• Data excerpt:
---*---

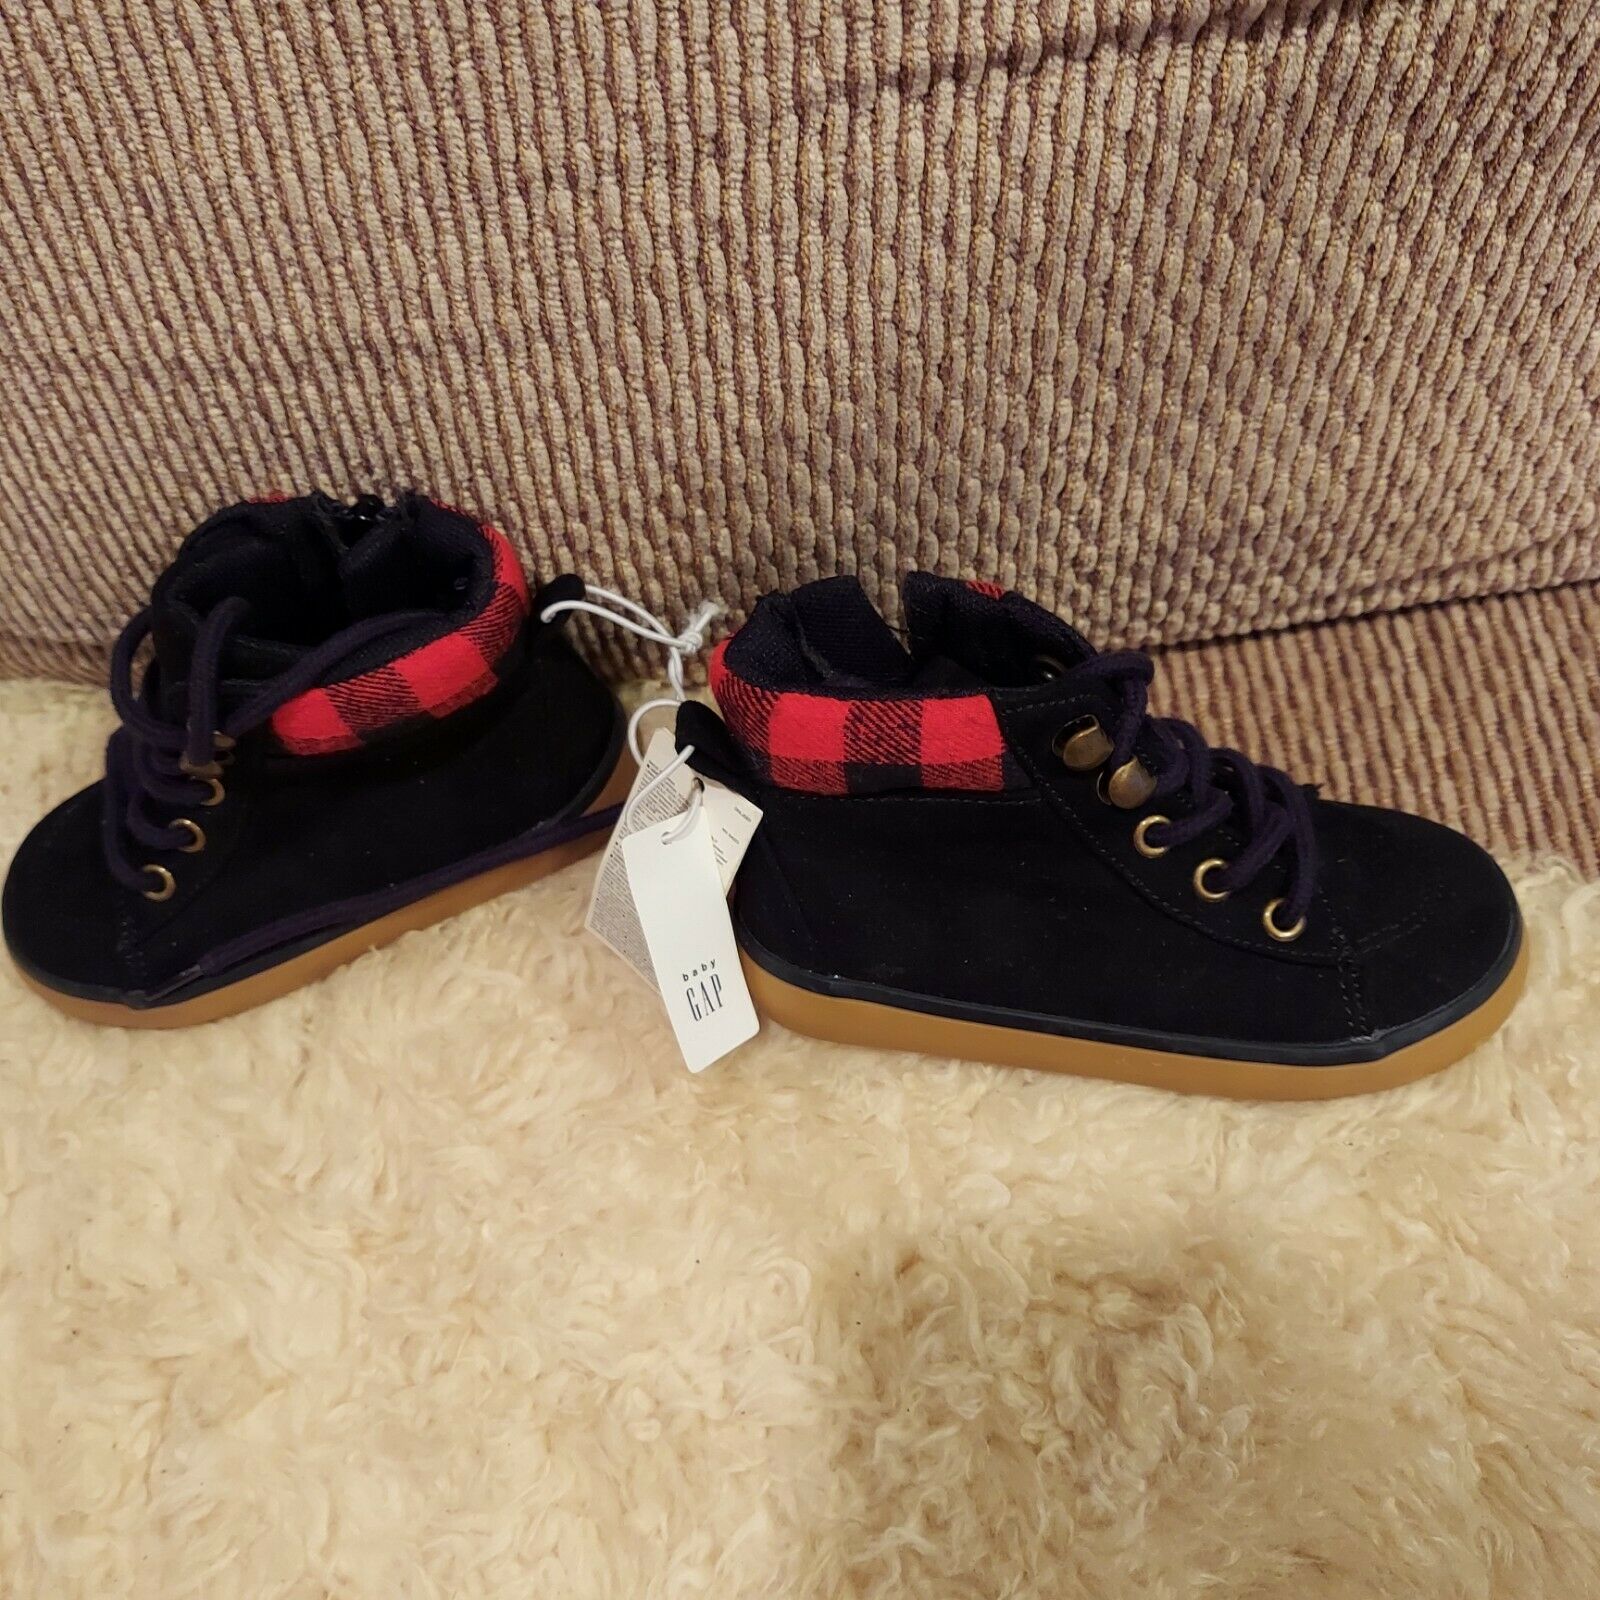 Gap Shoes |Gap Toddler Boy Black Lace up Dress Shoes/Size 7
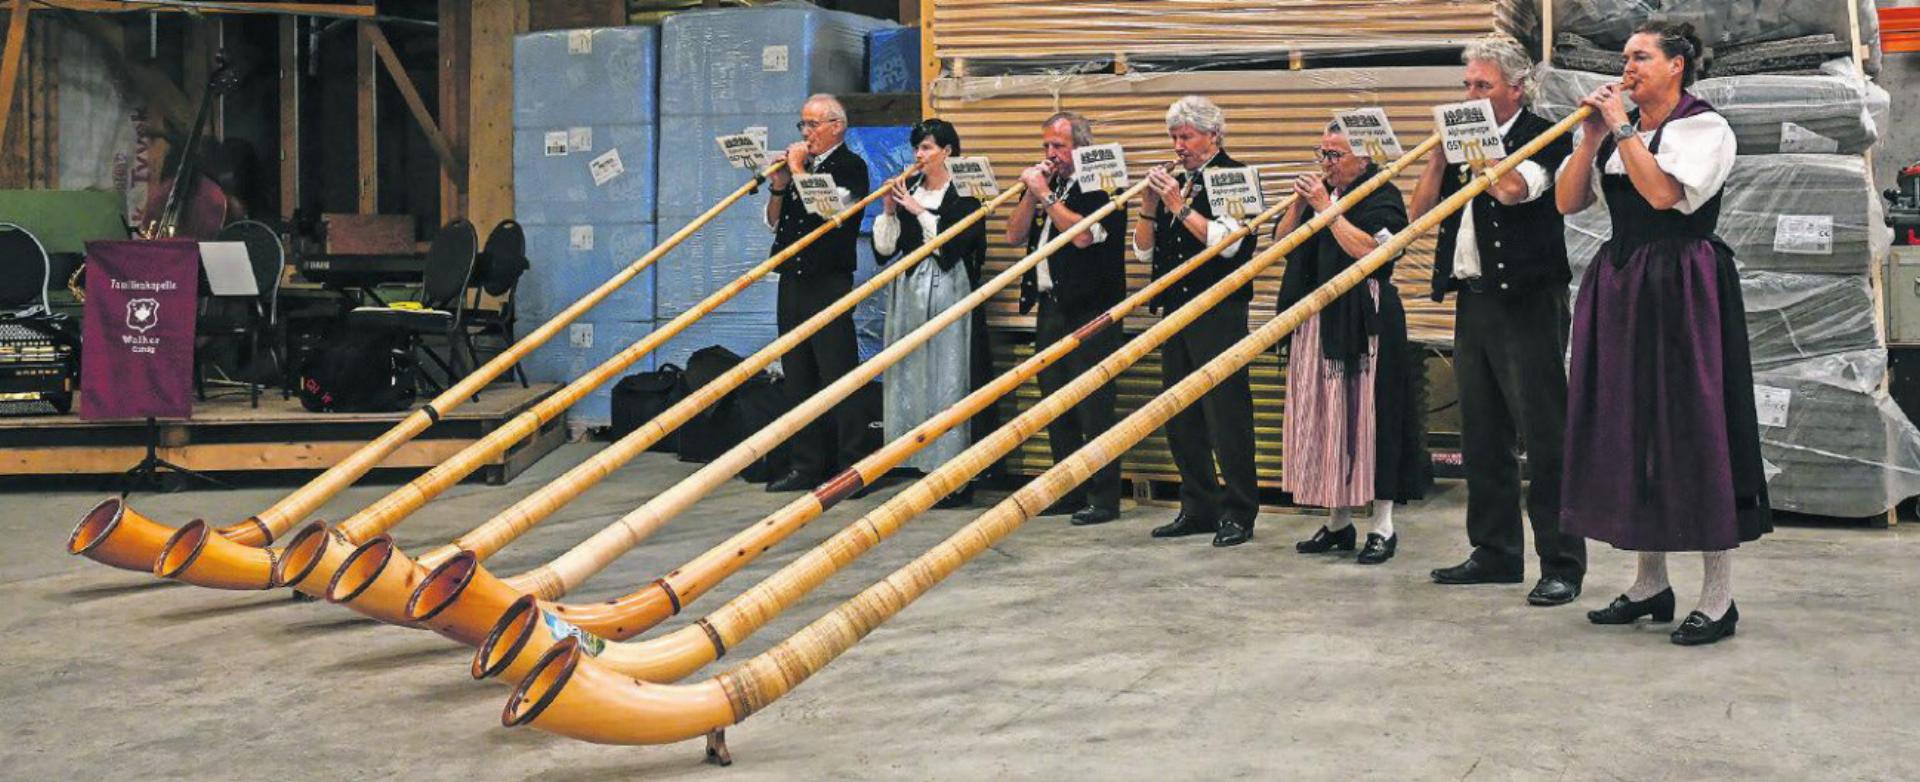 Die Alphorngruppe Gstaad bei ihrem Auftritt in den Hallen der Arnold Reuteler Holzbau AG. FOTOS: PHILIPPE CHEVALIER
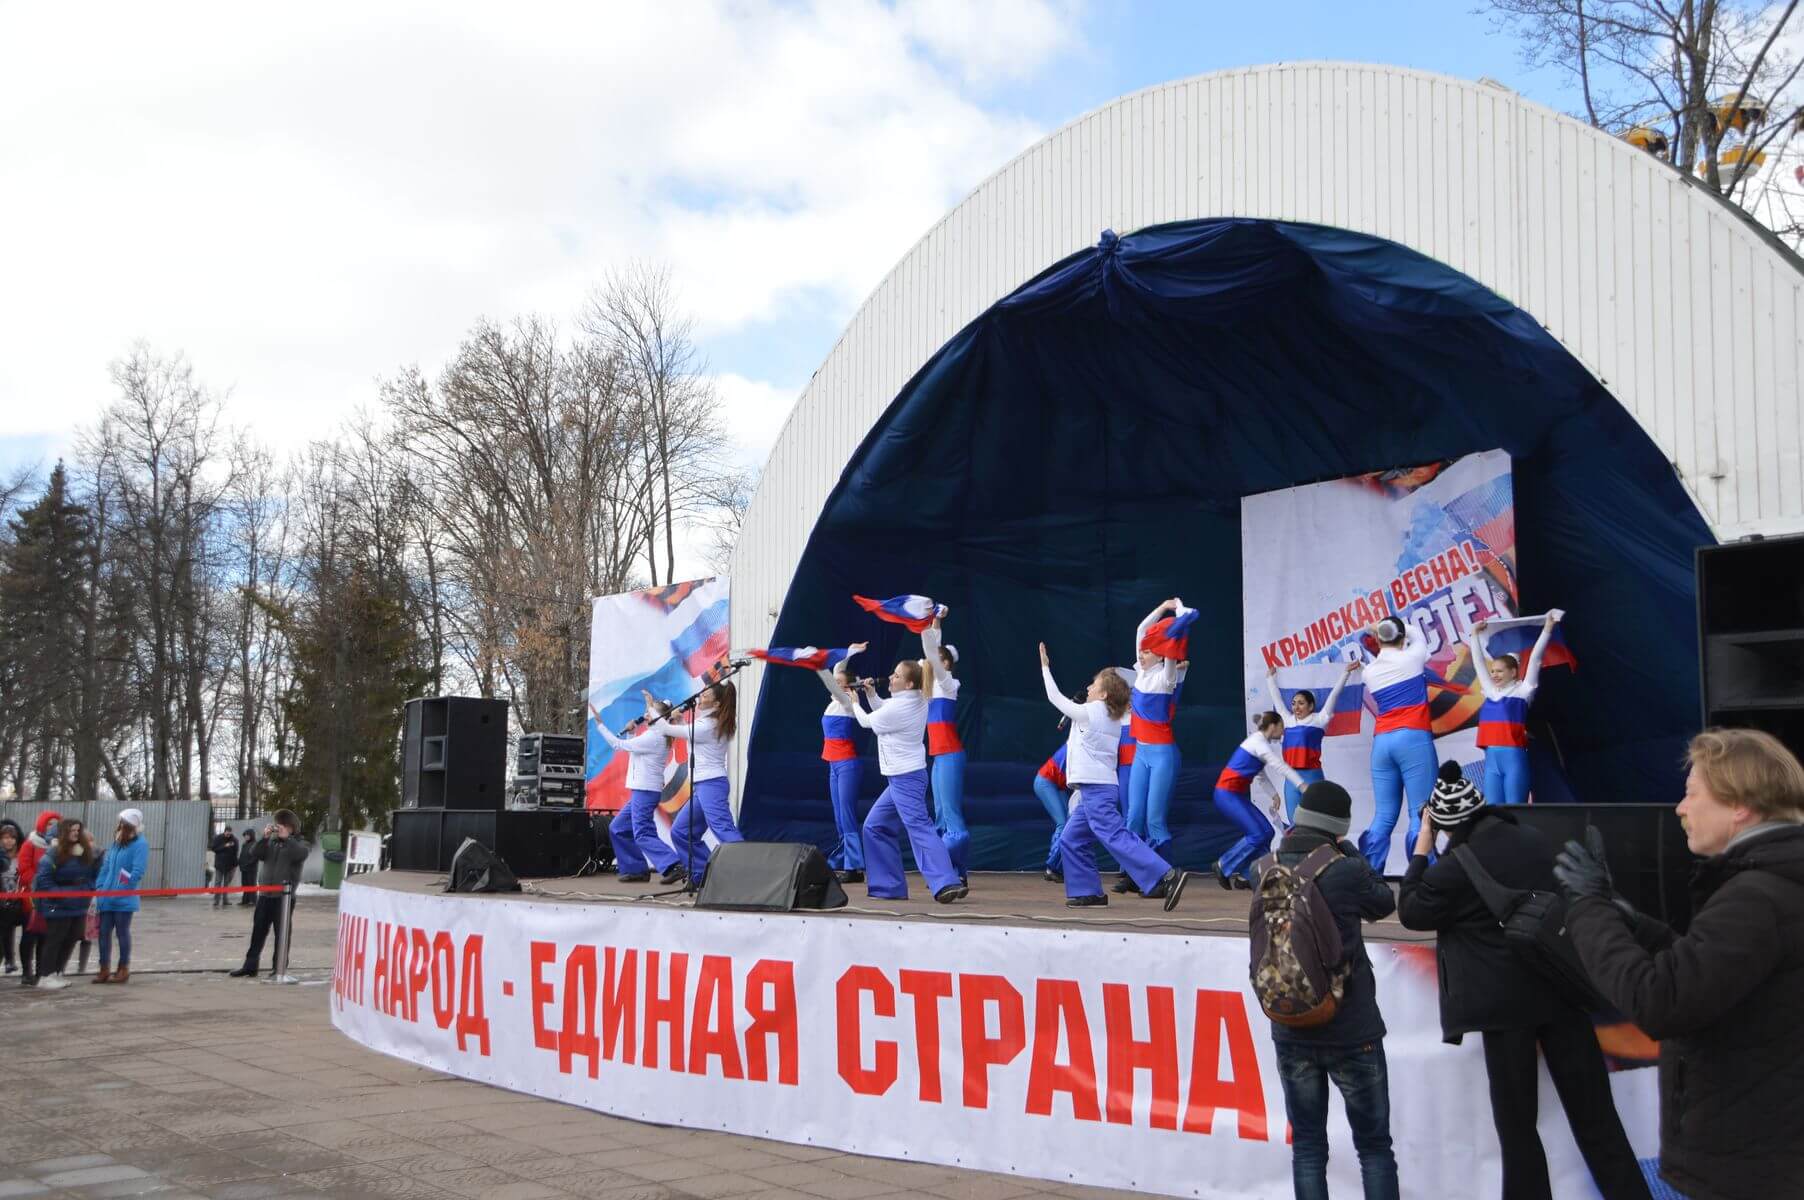 В Твери отпразднуют годовщину воссоединения России и Крыма

---*---

• Exercise brief:
Output the whole of the data, unchanged; keep the pictures out.

• Solution to the problem:
 Gap Shoes |Gap Toddler Boy Black Lace up Dress Shoes/Size 7
 Die Alphorngruppe Gstaad bei ihrem Auftritt in den Hallen der Arnold Reuteler Holzbau AG. FOTOS: PHILIPPE CHEVALIER
 В Твери отпразднуют годовщину воссоединения России и Крыма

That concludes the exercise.